For this assignment, we are to do a sentimental analysis of a corpus of our choosing.
## ── Attaching core tidyverse packages ──────────────────────── tidyverse 2.0.0 ──
## ✔ dplyr 1.1.4 ✔ readr 2.1.5
## ✔ forcats 1.0.0 ✔ stringr 1.5.1
## ✔ ggplot2 3.5.1 ✔ tibble 3.2.1
## ✔ lubridate 1.9.4 ✔ tidyr 1.3.1
## ✔ purrr 1.0.4
## ── Conflicts ────────────────────────────────────────── tidyverse_conflicts() ──
## ✖ dplyr::filter() masks stats::filter()
## ✖ dplyr::lag() masks stats::lag()
## ℹ Use the conflicted package (<http://conflicted.r-lib.org/>) to force all conflicts to become errors
## Warning: package 'tidytext' was built under R version 4.4.3
## Warning: package 'janeaustenr' was built under R version 4.4.3
## Warning: package 'gutenbergr' was built under R version 4.4.3
## Warning: package 'syuzhet' was built under R version 4.4.3
Example from Text Mining with R, Chapter 2 looks at Sentiment Analysis. Citation: Silge, Julia, and David Robinson. “Text Mining with R: A Tidy Approach.” O’Reilly Media, Inc., 2017.
## # A tibble: 2,477 × 2
## word value
## <chr> <dbl>
## 1 abandon -2
## 2 abandoned -2
## 3 abandons -2
## 4 abducted -2
## 5 abduction -2
## 6 abductions -2
## 7 abhor -3
## 8 abhorred -3
## 9 abhorrent -3
## 10 abhors -3
## # ℹ 2,467 more rows
I will be choosing a book from using Project Gutenberg (URL: https://www.gutenberg.org/). This project is oldest digital library with many of world’s literature. This project focuses on older books/works whose US copyright has expired. I used the R package “syuzhet” for the analysis. Within the R package, I used the Jockers-Rinker lexicon because it assigns continuous (rather than binary) sentiment scores to words, allowing for more nuanced detection of positive and negative sentiments in text. I decided to pick the book Wuthering Heights by Emily Brontë for sentimental analysis. I’ve read this book before, and it predominantly conveys a tragic theme rather than a happy one. Let’s examine whether the sentiment analysis supports this observation.
## # A tibble: 1 × 8
## gutenberg_id title author gutenberg_author_id language gutenberg_bookshelf
## <int> <chr> <chr> <int> <chr> <chr>
## 1 768 Wutherin… Bront… 405 en Best Books Ever Li…

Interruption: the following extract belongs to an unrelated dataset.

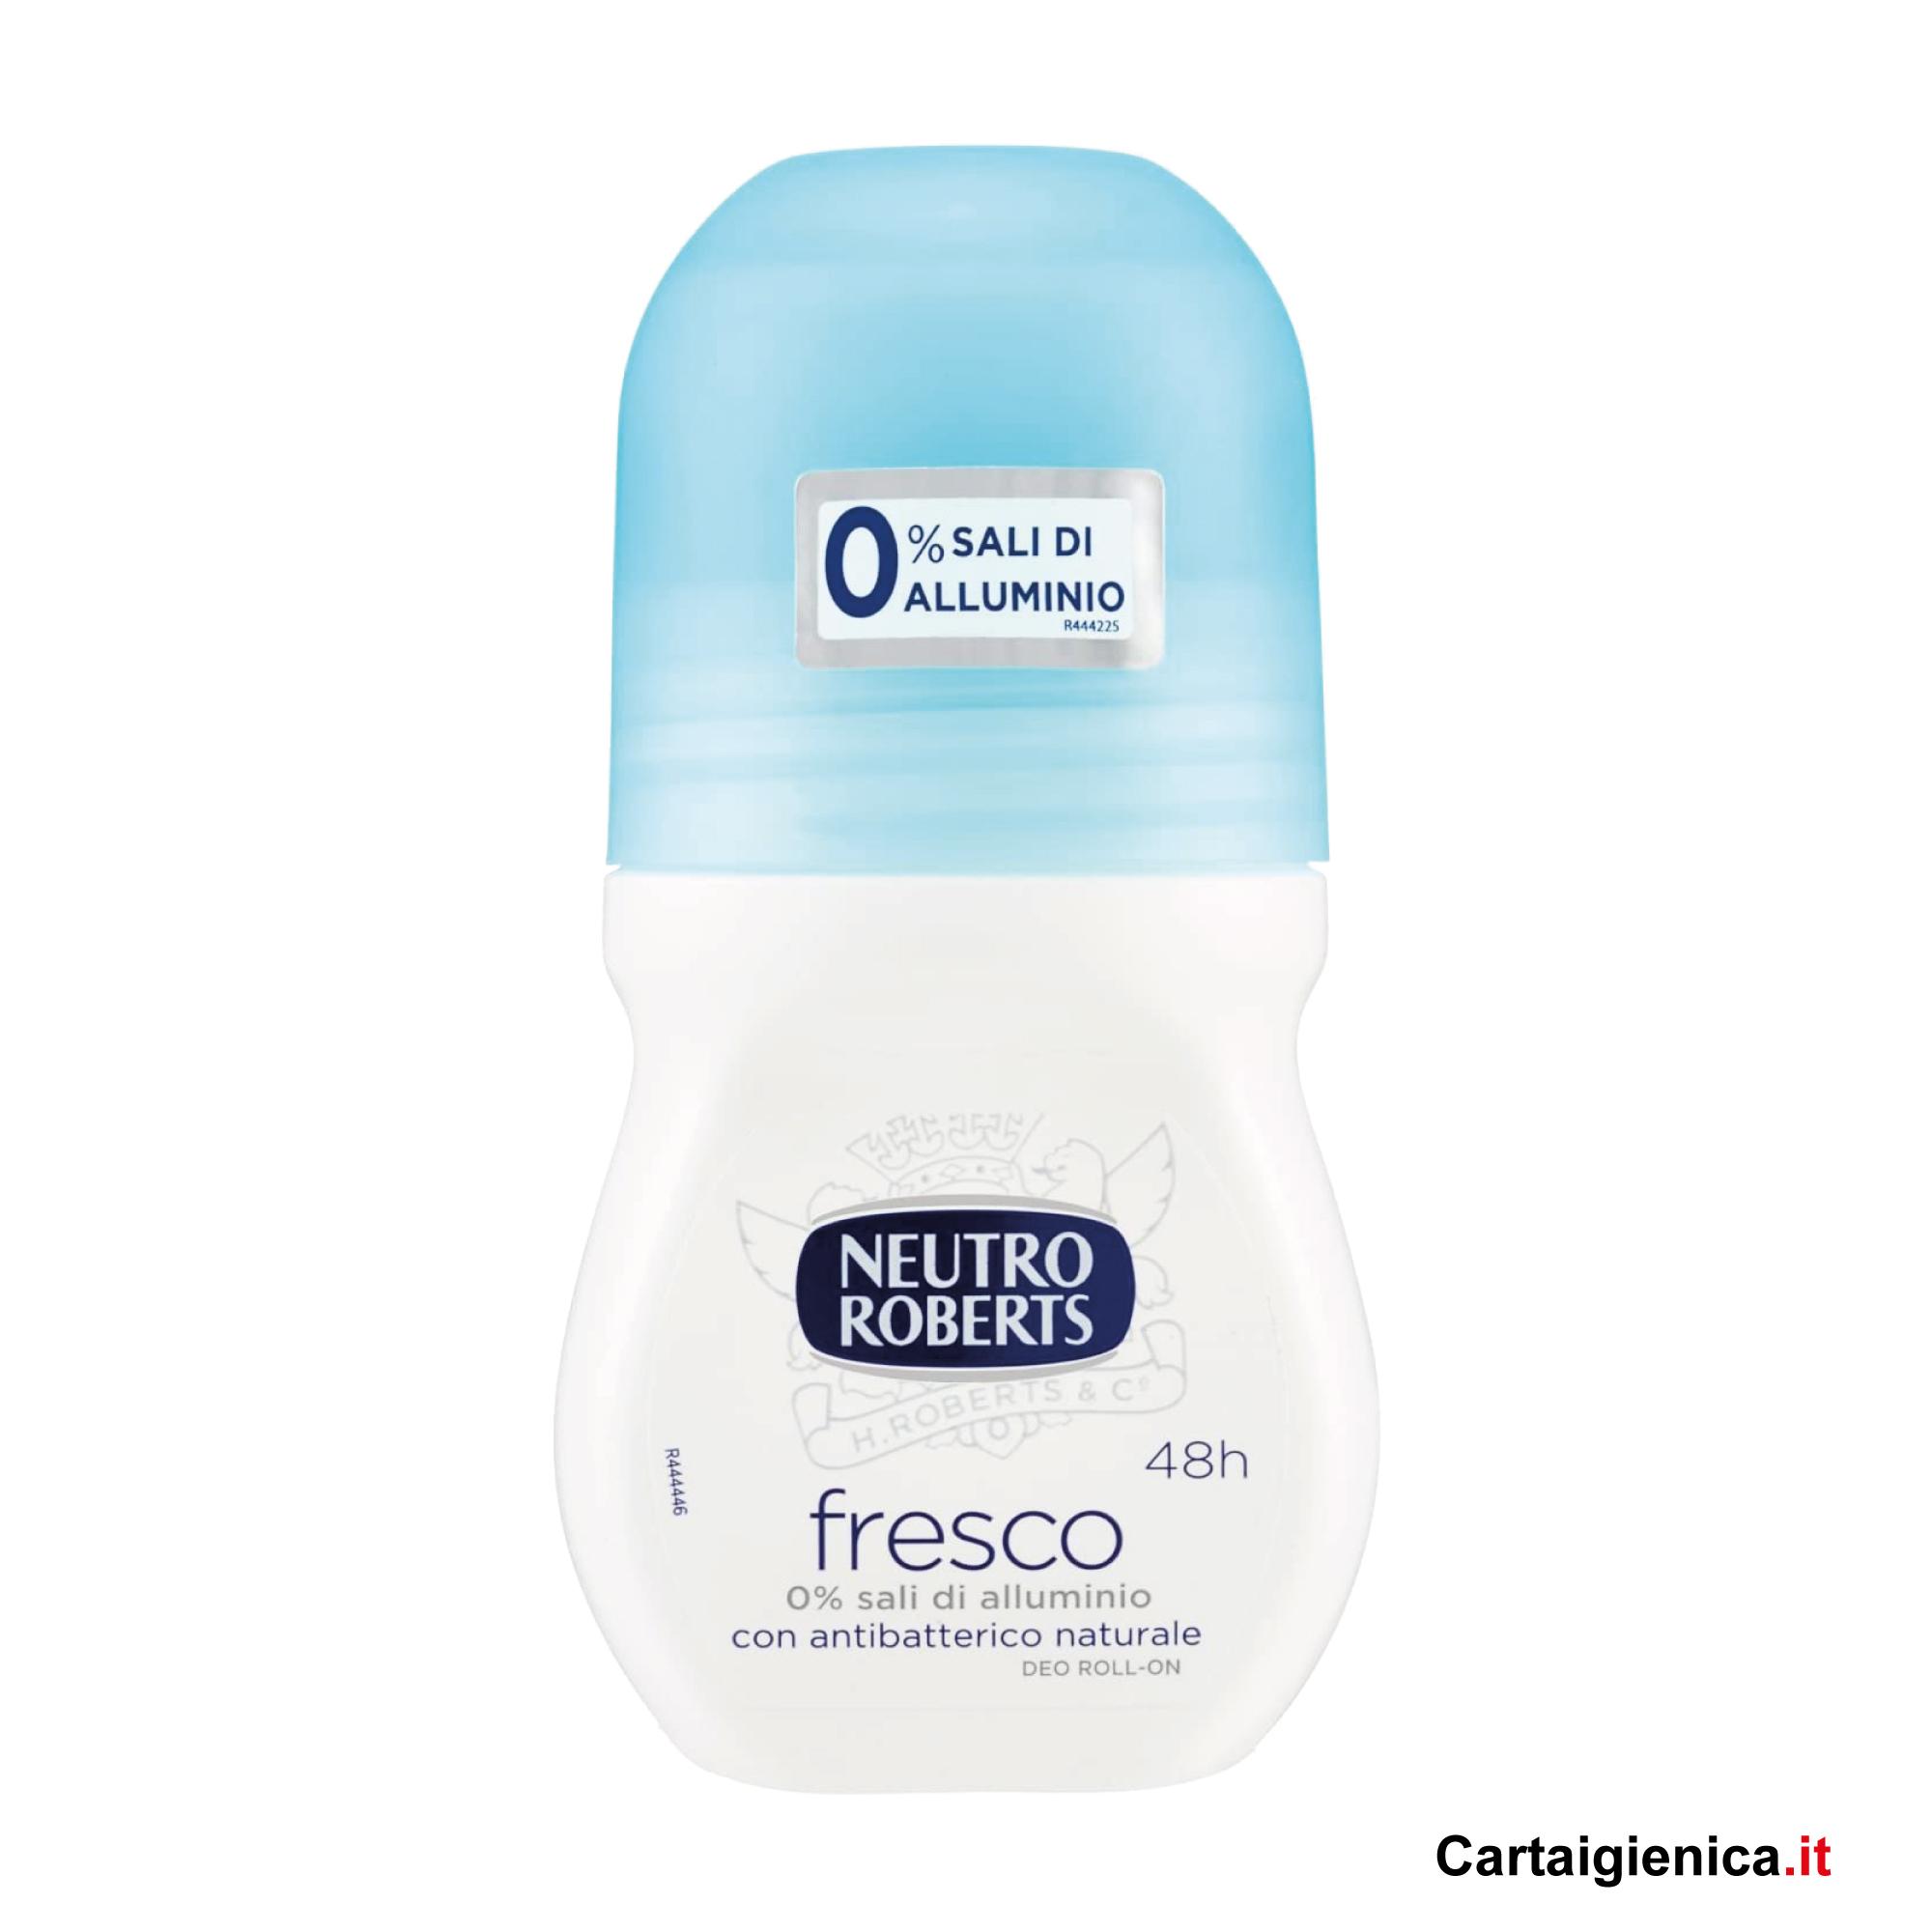 Neutro Roberts Deodorante Roll-On Fresco Azzurro Classico 50 ml

## # ℹ 2 more variables: rights <chr>, has_text <lgl>
## Determining mirror for Project Gutenberg from https://www.gutenberg.org/robot/harvest
## Using mirror http://aleph.gutenberg.org
## Joining with `by = join_by(word)`
| index | sentiment |
|---|---|
| 0 | 1.55 |
| 1 | 0.30 |
| 2 | -0.10 |
| 3 | -4.70 |
| 4 | 6.15 |
| 5 | -0.20 |
The sentiment analysis of “Wuthering Heights” was conducted using the Jockers-Rinker sentiment lexicon. The text was segmented into smaller parts, each comprising 100 lines, and the sentiment scores for these segments were calculated and analyzed. The overall sentiment throughout “Wuthering Heights” reflects its predominantly tragic theme. This is supported by the negative sentiment scores in the book. There are positive sentiments in the book, which shows happier moments in the book. A bar graph was utilized to illustrate the sentiment distribution across the text’s segments. The graph has certain segments that shows high negative sentiments scores, which helps confirm the tragic theme in the book.